We investigate in more detail the amount and the types of interactions collected from each group by showing in Fig. 7 the total number of posts, comments, and replies performed by members of the different groups. As shown by the figure, the groups expose different characteristics. The groups of the Education category have very similar number of posts but they expose different numbers of comments and replies. In general, the members of groups Ed1 and Ed3 interact mainly by using replies while group Ed2 exhibits a large portion of comment interactions. We notice that also groups of the Sport category expose similar characteristics where the majority of the interactions are comments. Instead, the groups of the Work category exhibit two different trends: the groups W1 and W2 consist of few posts with a high number of comments and replies while the group W3 and W4 consist of several posts having a small number of comments and replies. Finally, the groups of the News and Entertainment category expose a similar communication pattern where members mainly interact by using comments, replies, and posts. As final remark, we can notice that, in most cases, the number of comments/replies is larger than the number of posts and, in many cases, the number of comments/replies is comparable.
6 Experimental results
In this section, we present experimental results about the detection of the Incremental Communication Patterns defined in sect. 4 in the scenario defined in Sect. 3. Experiments were carried out by considering the interactions among users belonging to the 17 Facebook groups presented in Sect. 5. The interactions were sorted based on their time label that represents the time when the interaction was received by the Facebook servers. Having the timestamp of each interaction is useful to capture the evolution of interactions of the groups. The sorted interactions are then used as input for a naive algorithm which detects the five Incremental Communication Pattern, i.e. the kchain, the kin/outstar, the kpingpong, and the koneway couple. For the sake of clarity, our goal is not to propose an efficient algorithm for the discovery of the Incremental Communication Patterns, rather we are interested in the study of the patterns, in the scenario of OSGs, where the communication between people is not yet studied in depth.
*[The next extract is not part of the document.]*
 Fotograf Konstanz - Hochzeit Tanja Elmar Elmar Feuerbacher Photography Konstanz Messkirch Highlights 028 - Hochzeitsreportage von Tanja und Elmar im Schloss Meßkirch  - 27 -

An essential property of our approach is that we are not searching for fixed patterns, but we are searching for the biggest pattern that appears. This is crucial to understand the property of a communication pattern in OSGs. In practice, our approach works in this way: We start from the first interaction of the stream and we try to build a basic pattern. Once a basic pattern is found, more edges are added to the instance of the pattern by applying recursively the incremental rule. The whole process stops when the next interactions fall out of the given time window, and the largest pattern is returned, or no pattern is returned in the unfortunate case in which not even the basic pattern was detected. Once the detection process is finished for the patterns starting with the first interaction, we iterate the process on the second interaction, and so on, until no more interactions can be found. For what concerns this study, we decided to filter out the instances of the patterns that match the basic pattern (except for the kpingpong). This decision was driven by the fact that in the particular scenario in which we apply the concept of Incremental Communication Pattern in this work, we understand that very short instances of some patterns appear too much frequently to be considered as relevant communication patterns.
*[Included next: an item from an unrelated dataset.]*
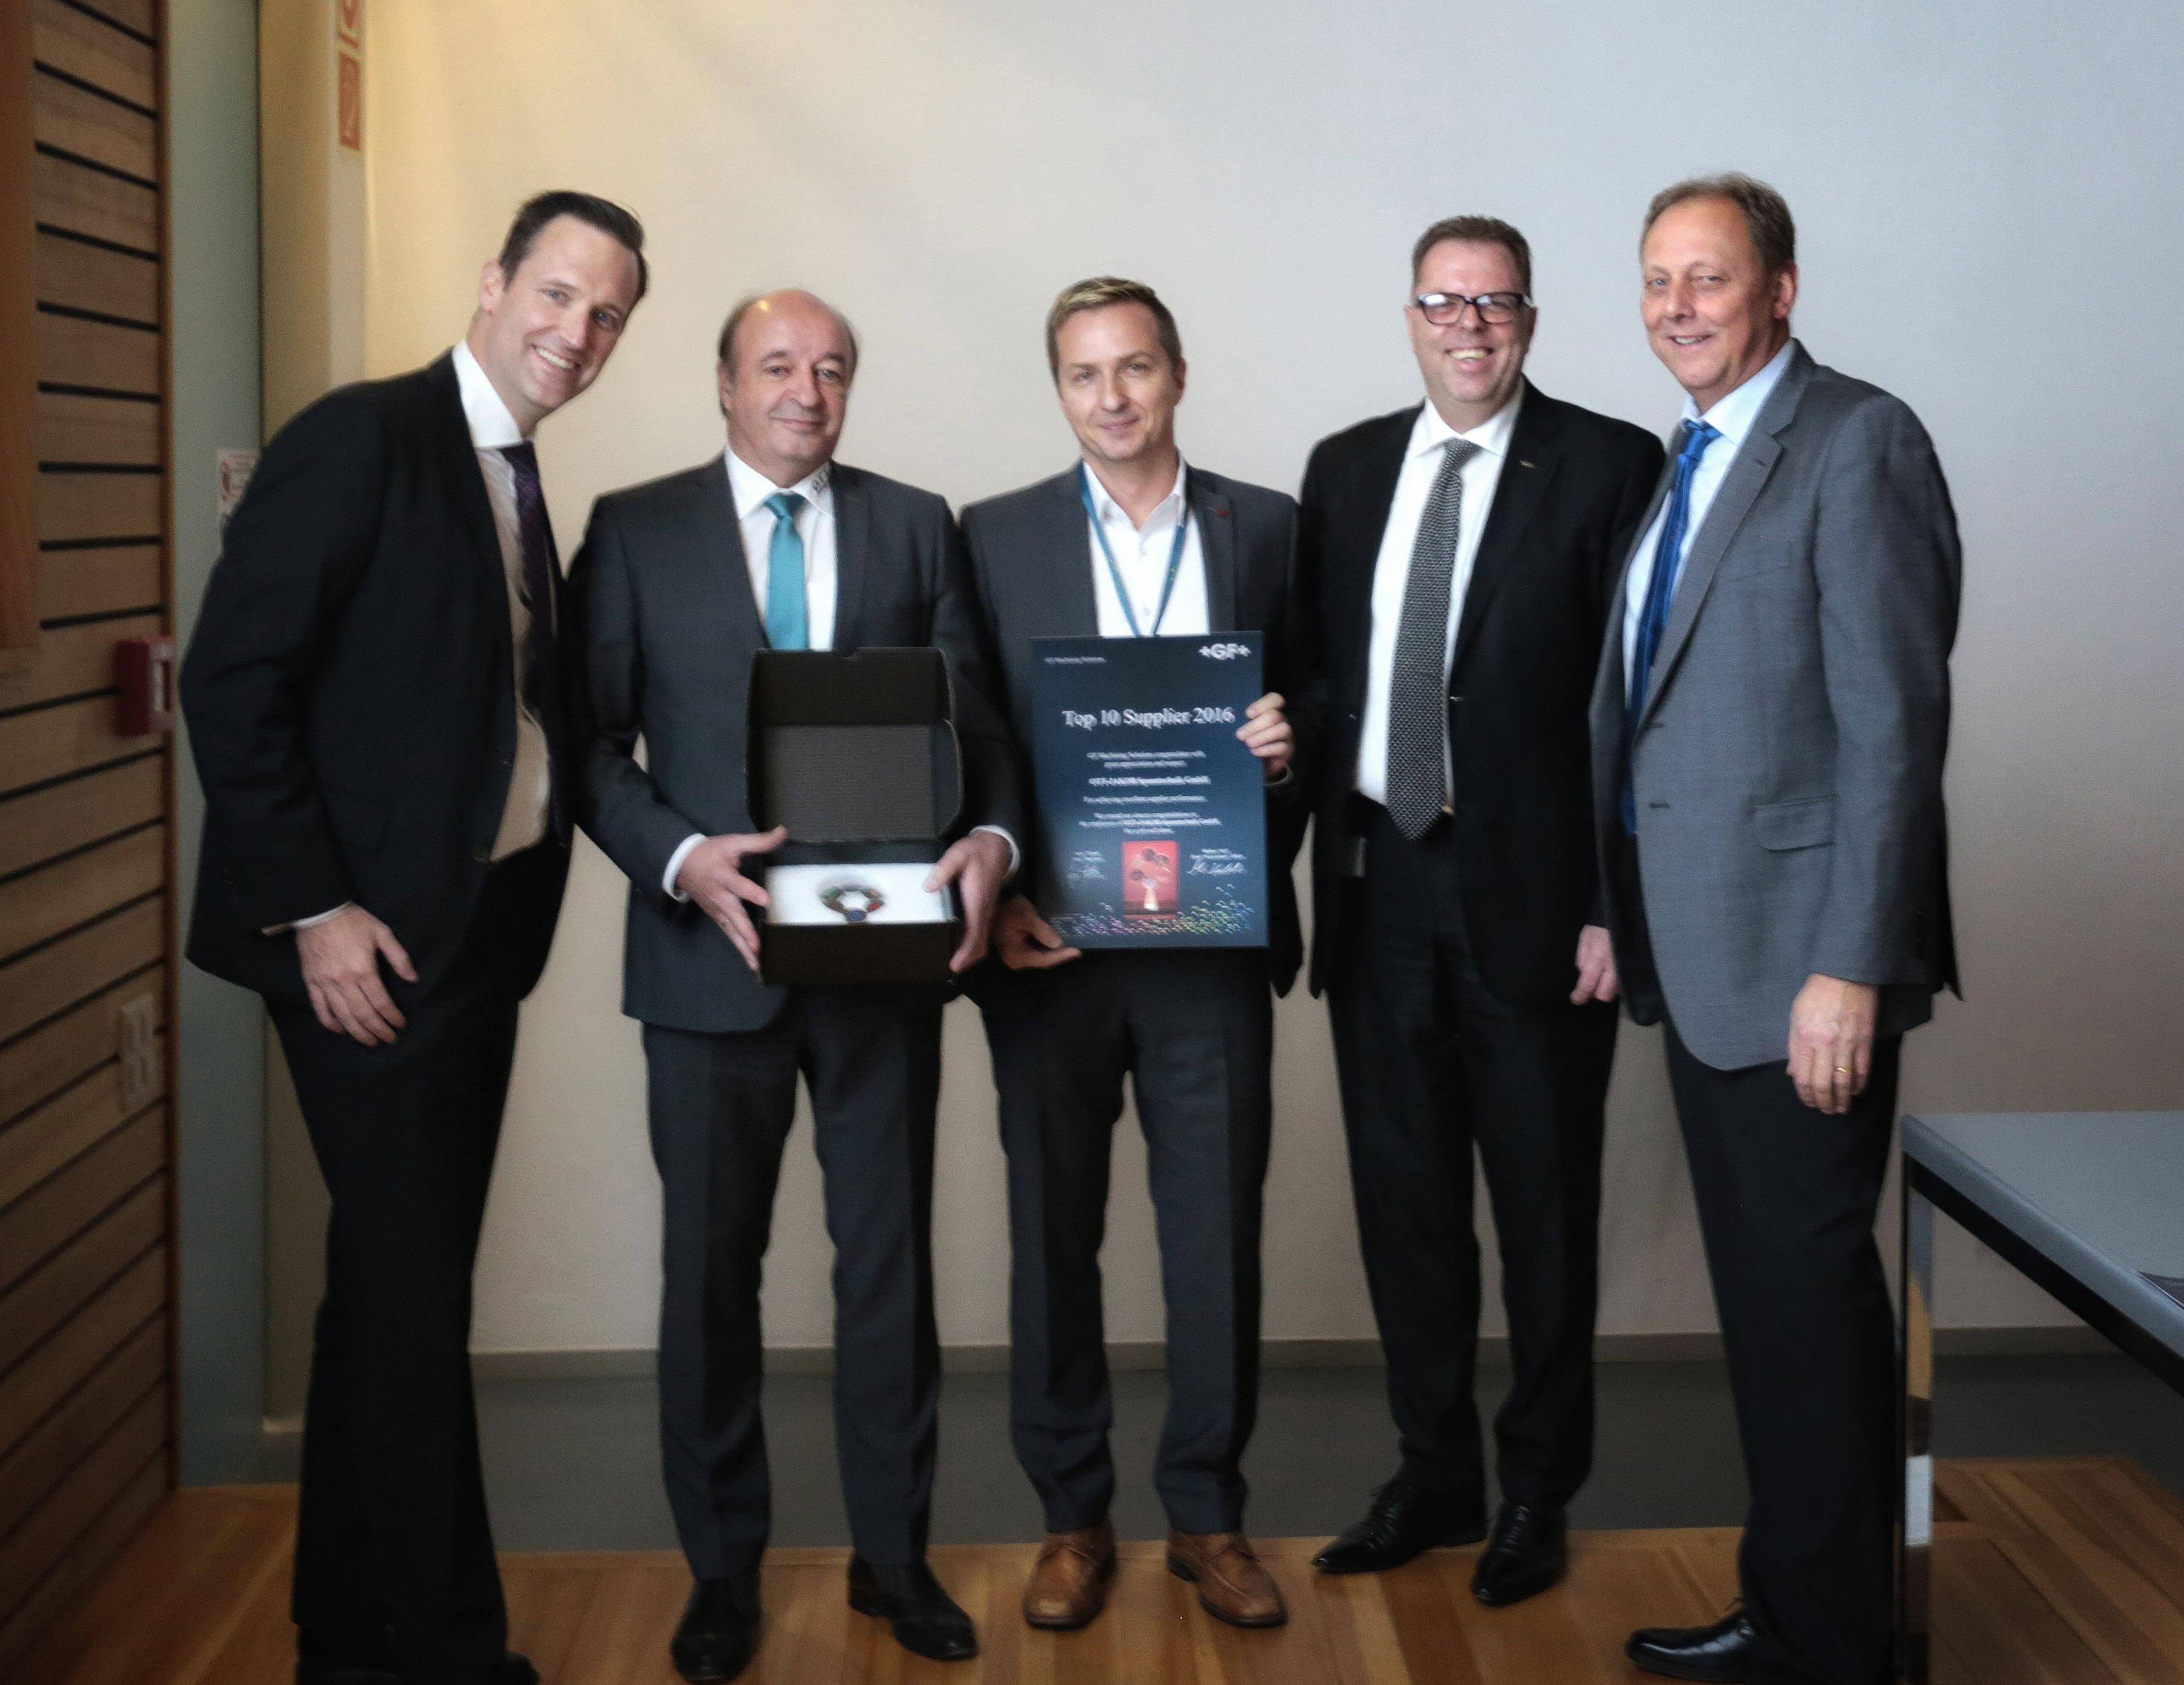 Ott Jakob - Unternehmen - Bild - Lieferanten-Auszeichnung für OTT-JAKOB

As we saw in Sect. 5, the activity of the 17 groups is not homogeneous, and because of this it was not so easy to define a single length for a time window that was significant for all the groups. Indeed, a good time window length for an average group may be too short for groups with low activity and too long for groups with a lot of activity. Therefore, we decided to identify different time windows for each group studying the distribution of the interaction interarrival time (i.e. the amount of time passing between two successive interactions in all the group activity). Table 3 shows the results obtained by evaluating the interarrival time. In the group S3, which is the group in which the interaction activity is frequent, the average interarrival time is 31s while in W4 is 2251s. This justifies why we are not able to fix a specific time window for all groups.
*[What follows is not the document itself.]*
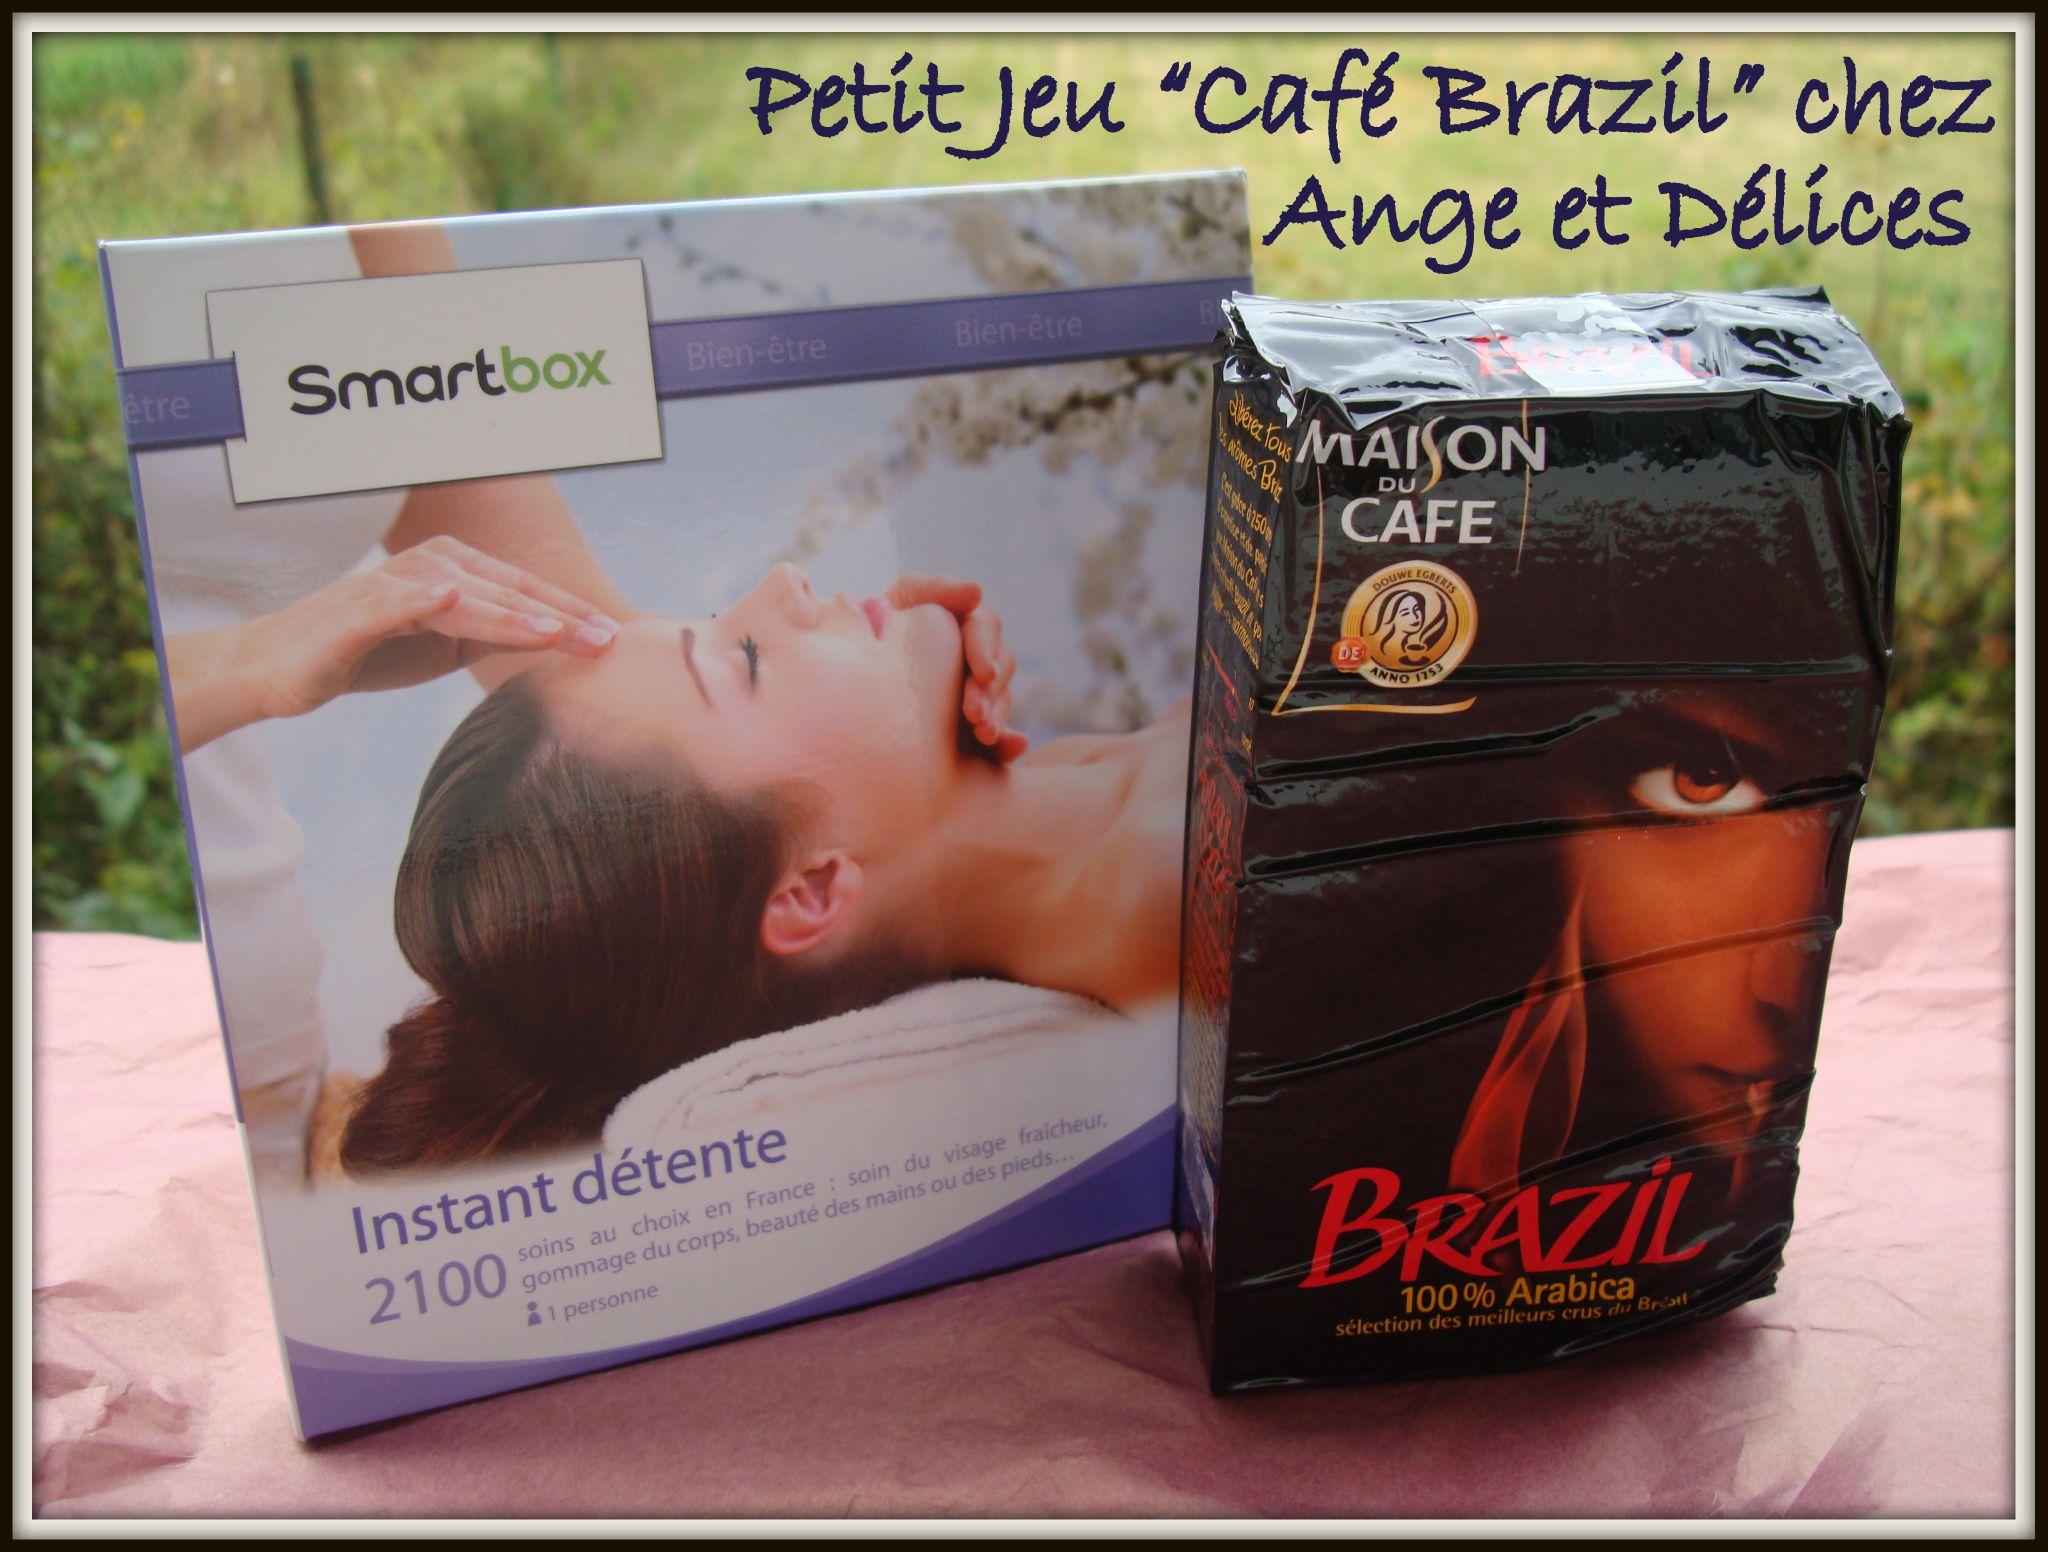 Jeu café brazil

Since there was no way to define a single time window for all groups a priori, we decided to study more in detail the interactions interarrival times. Figure 8 shows the CDF (Cumulative Distribution Function) of the interaction interarrival times for all the groups in the dataset, divided by category: 8a for the education groups, 8b for the sport groups, 8c for the work groups, 8e for the news groups, and 8d for the entertainment groups. Interestingly enough, all the CDFs have a similar shape, with the only difference of being shifted compared to each other. S2, W3, W4, and N3 are the only groups with a sensibly different, smoother shape, which causes the interarrival times to be spread over a much wider range of values. These differences are caused by a general inactivity of the users in the groups, as confirmed by Table 3 where we can see that these 4 groups have the highest average and median interaction interarrival time. In particular, the groups of the Education and Sport categories expose a very low median interarrival time among interactions while the groups of the Work category have the largest median interarrival time. To be able to take into account this wide range of activity in the groups, we decided to fix different time window for each group according to the interaction interarrival times. In order to catch interaction patterns happening in short, medium and long time, we decided to fix three different time windows for each group. The three time windows are set equal to the first three quartiles of the interaction interarrival time distribution for each group. Table 3 shows the numerical values chosen for each time window. Again, most groups show a very similar trend, in fact the ratio between a second and first quartile and the ratio between third and second quartile is almost always between 2.5 and 3.5. The only groups not showing this characteristic are S2, W3, W4, and N3 which have been observed to be the ones with the lowest activity.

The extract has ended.